Dans un article synoptique plutôt efficace, « Les quatre éthiques de l’intelligence artificielle », Thierry Ménissier rappelle ainsi qu’il existe bien plusieurs manières d’appréhender l’éthique de l’IA. Du simple code de conduite de l’ingénieur – sa déontologie – aux questionnements profonds sur les agencements sociaux qui permettent l’existence même des intelligences artificielles, (de la mine de lithium au smartphone dans nos poches). Ménissier pointe le fait que ces différentes sphères éthiques collaborent assez peu : « il existe une tension entre le « minimalisme » de l’éthique informatique (visant à limiter les nuisances possibles provoquées par les artefacts) et la tendance « maximaliste » de l’éthique des usages de l’IA (invitée à se prononcer sur le caractère éthiquement pertinent de telle ou telle implémentation de systèmes d’IA dans la réalité sociale). »

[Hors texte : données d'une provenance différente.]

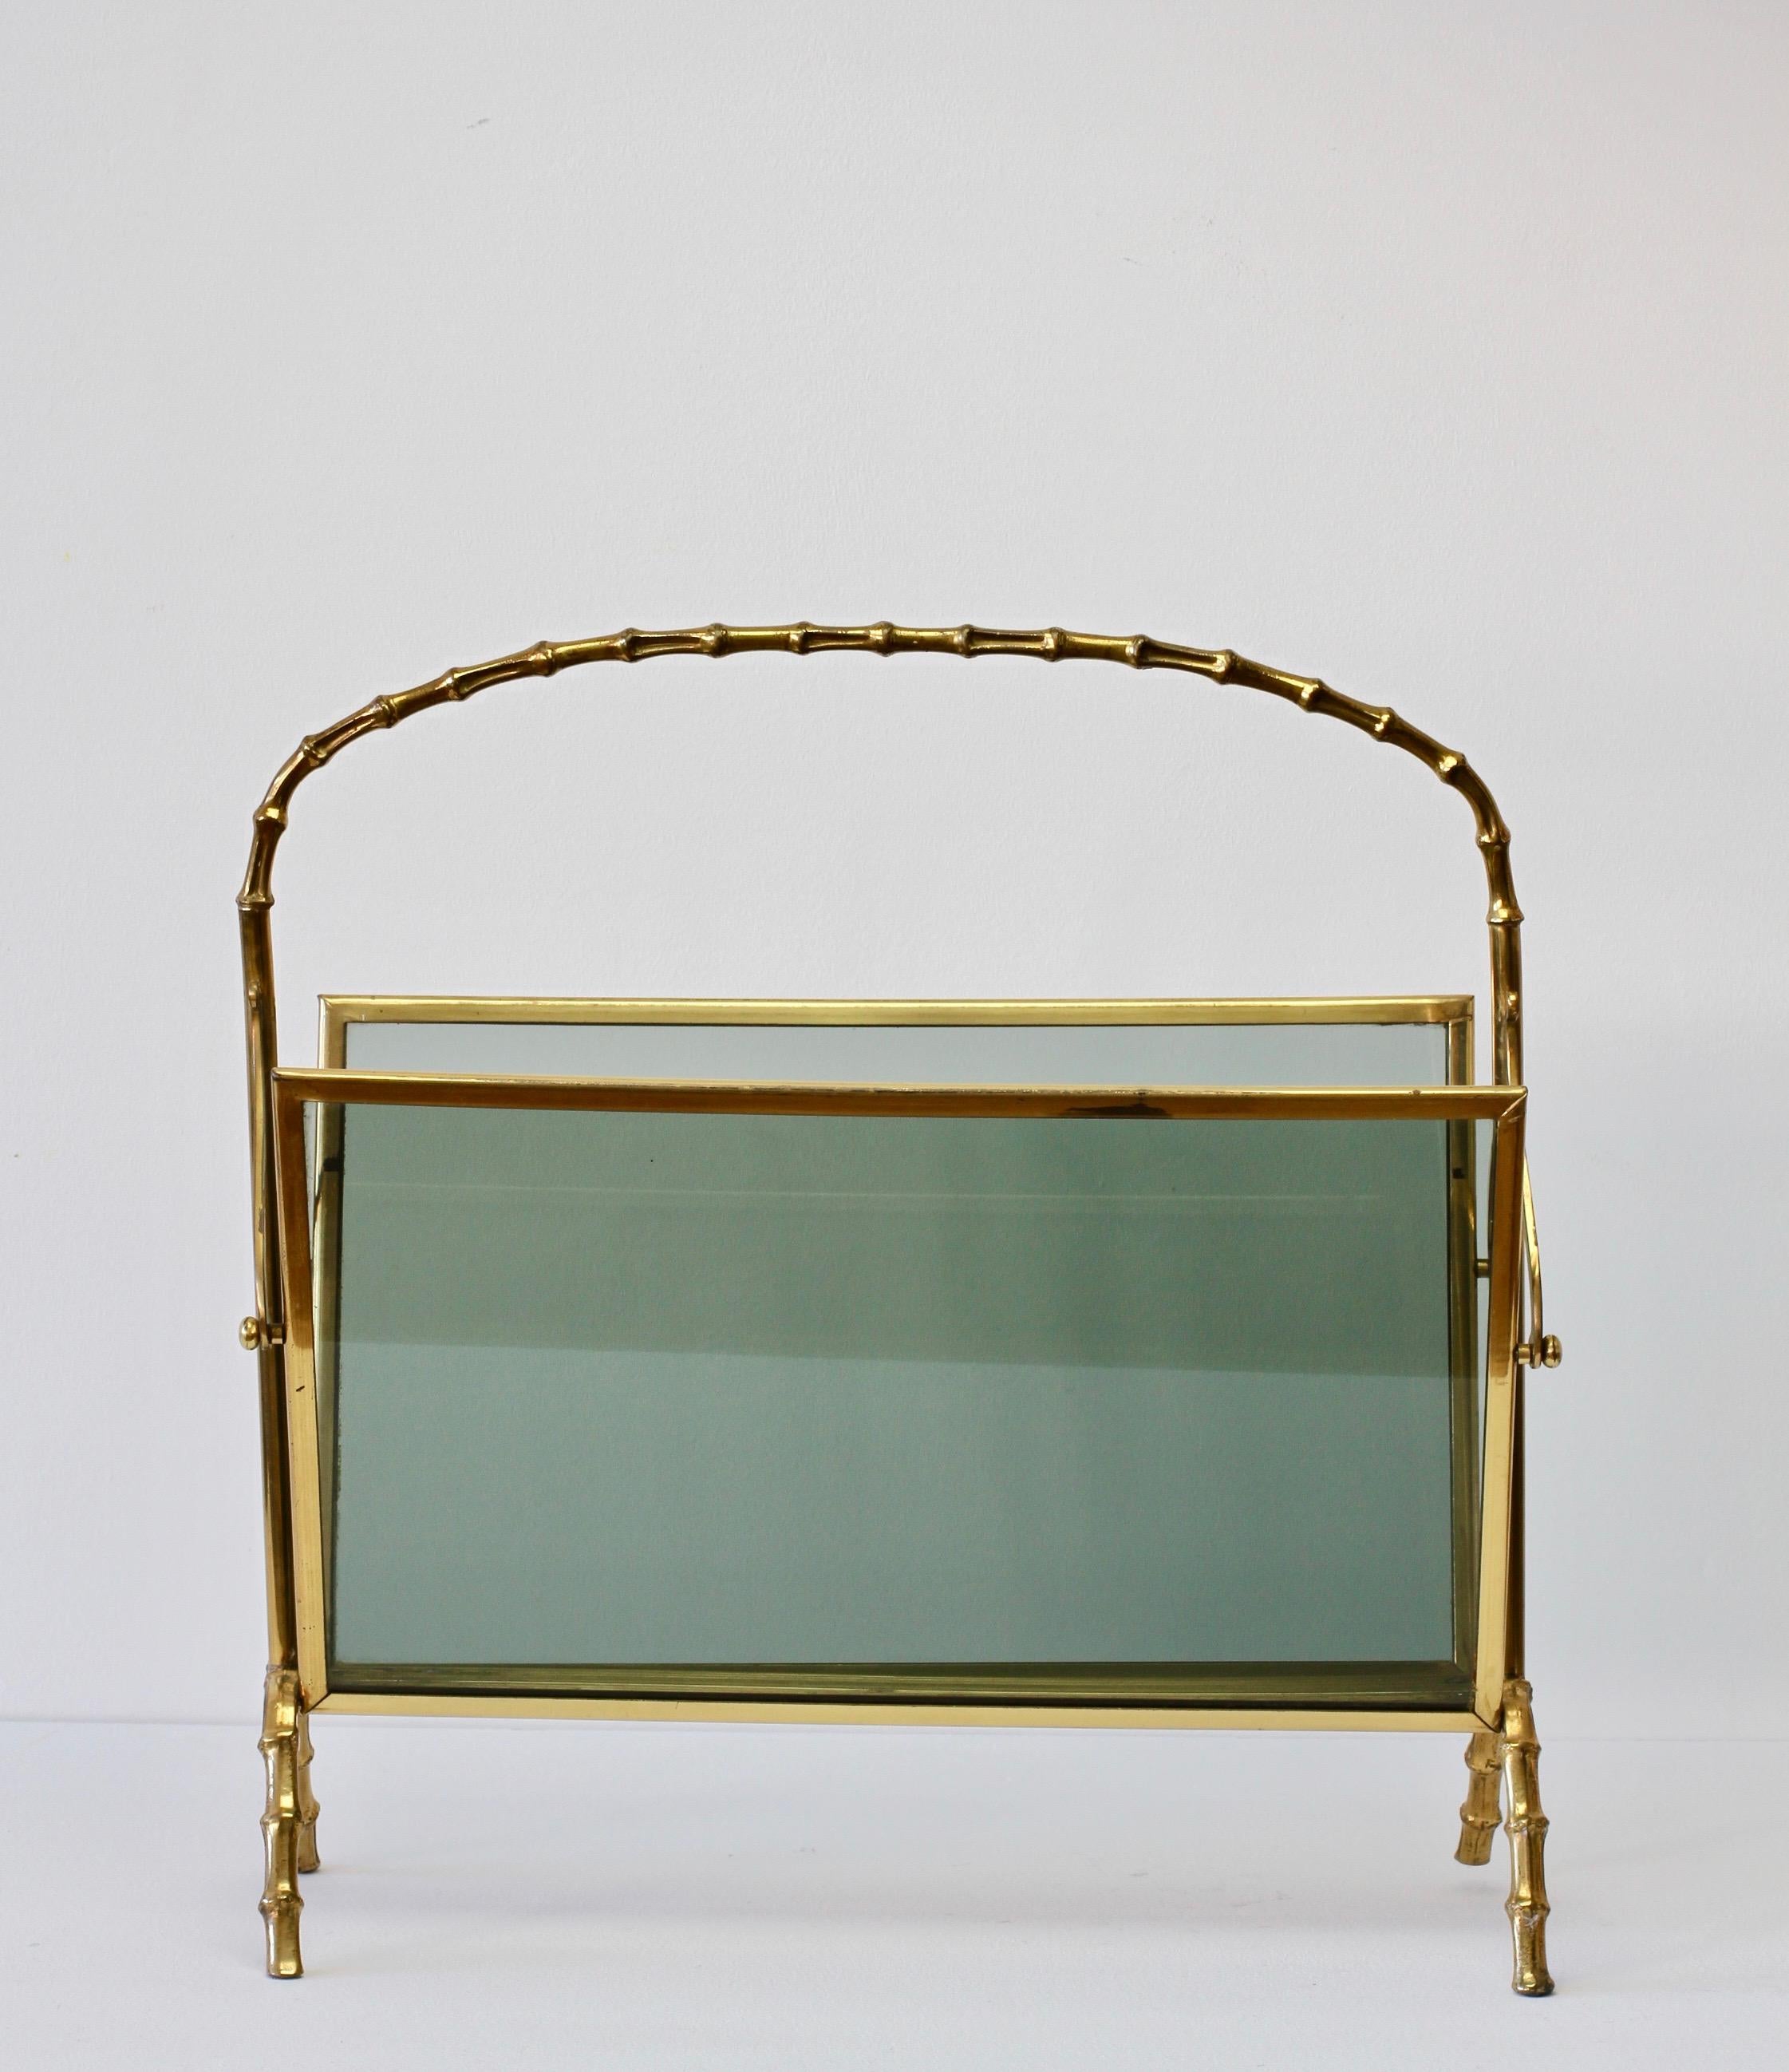 French Maison Baguès Attributed Cast Brass Faux Bamboo Magazine Rack or Newspaper Stand For Sale

Il ne faudrait cependant pas s’étonner de ce manque de collaboration, assez directement indexé sur le degré de politisation des éthiques citées. Interroger le mode de socialisation d’un robot, ou réparer un biais algorithmique est une chose. Interroger toute une chaîne d’approvisionnement elle-même construite sur des siècles de relations internationales en est une autre (NB : les deux se rejoignent parfois. Les biais raciaux par exemple, s’inscrivent aussi dans l’histoire, coloniale). Il y a bien une gradation politique entre ces différentes éthiques. Le livre Quelle éthique pour l’ingénieur ?, de Laure Flandrin et Fanny Verrax l’illustre très bien. Si les chercheuses rappellent que l’éthique ne dispose pas d’une définition unique, elles montrent aussi que des questions de surface, peuvent découler des considérations politiques profondes. La déontologie d’un ingénieur par exemple, peut le conduire à démissionner, mais les conflits éthiques peuvent dépasser cette pure sphère déontologique et embrasser d’autres champs, d’autres questionnements (l’utilité sociale, l’environnement, etc.).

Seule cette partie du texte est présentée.